Key Points
- DraftKings faces allegations of unauthorized use of “March Madness,” “Final Four,” and related NCAA-owned trademarks on its betting platform
- An Indiana federal judge rejected the NCAA’s preliminary injunction request while noting the case could succeed at trial
- College sports’ governing body seeks an accelerated schedule with trial set for February 2027, ahead of tournament season
- The sportsbook operator argues the proposed schedule is impractical and insufficient for proper discovery
- NCAA responds by claiming DraftKings is attempting delay tactics, with preliminary hearing scheduled for early June
A heated trademark dispute between college basketball’s governing body and a major sportsbook operator has evolved into a disagreement over courtroom scheduling, as both parties clash over when the case should proceed to trial in Indiana’s federal court system.

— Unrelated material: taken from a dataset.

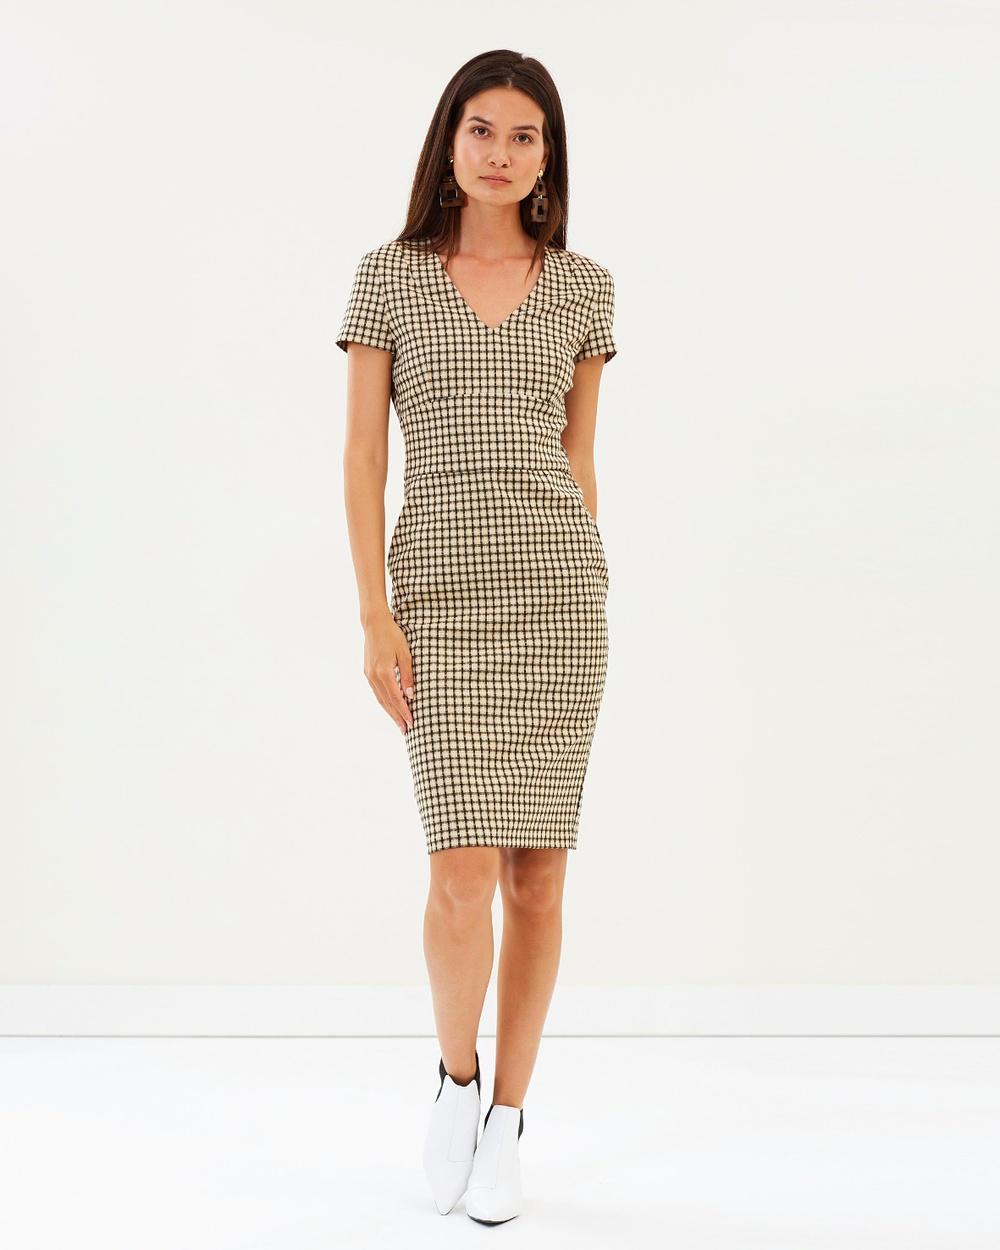 M.N.G Gales Dress Dresses Crudo Gales Dress

Legal action commenced on March 20 when the NCAA filed suit against DraftKings, claiming the betting platform unlawfully utilized proprietary terminology connected to Division I men’s and women’s basketball championships. The contested intellectual property encompasses March Madness, Final Four, and multiple iterations of “Sweet Sixteen.”
The U.S. District Court for the Southern District of Indiana turned down the NCAA’s application for emergency preliminary relief. Despite this setback, the presiding judge indicated the organization maintains viable arguments for success when the case reaches full trial.
College Sports Body Claims Continued Trademark Exploitation
The initial pretrial proceeding was scheduled for June 1. However, on April 15, attorneys representing the NCAA petitioned for an expedited calendar culminating in a February 2027 trial.
According to the NCAA’s legal team, allowing a standard timeline would enable DraftKings to continue capitalizing on the disputed trademarks for commercial gain. The organization contends that the operator’s alleged misconduct directly correlates with the yearly rhythm of college basketball’s premier competitions.
“DraftKings is likely to continue to exploit that cycle, causing ongoing harm to the NCAA,” the motion stated.
The college sports authority stressed that consumer participation reaches maximum levels during the tournament period. Attorneys argued that postponing judicial proceedings would eliminate any opportunity to safeguard the organization’s intellectual property rights prior to the subsequent championship cycle.
Notably, the Kentucky High School Athletic Association possesses the original trademark registration for Sweet Sixteen and Sweet 16, which it secured for its statewide basketball competitions. The NCAA maintains a licensing agreement with the KHSAA while also holding separate registrations for NCAA Sweet Sixteen and NCAA Sweet 16.
Betting Platform Calls Accelerated Schedule Impractical
DraftKings filed its opposition last Thursday, vigorously challenging the suggested timetable. Legal counsel for the company characterized the NCAA’s proposal as “unrealistic.”
The sportsbook’s attorneys contended that even assuming a 10-day trial resulted in a favorable verdict for the NCAA, the court would still require substantial additional proceedings to reach a complete resolution. Consequently, a February trial date would fail to produce the swift conclusion the organization desires.
The company further maintained that the evidence-gathering phase requires significantly more time than the November 13 cutoff date proposed by the NCAA. This discovery stage allows both parties to obtain and share critical documentation and information prior to courtroom proceedings.
DraftKings emphasized that discovery must encompass the extensive commercial arrangements linking the NCAA, its affiliated universities, athletic conferences, and the gambling sector. This includes the organization’s agreement with Genius Sports and direct partnerships established with various sportsbooks.
The NCAA submitted a counter-response on Monday, characterizing DraftKings’ position as an intentional effort to drag out litigation. The organization reiterated its demand for an accelerated schedule.
The NCAA requested the court at minimum advance the initial pretrial conference to the soonest available slot on the calendar. The organization seeks prompt clarity regarding the procedural timeline for both parties.
The preliminary conference remains on the docket for June 1.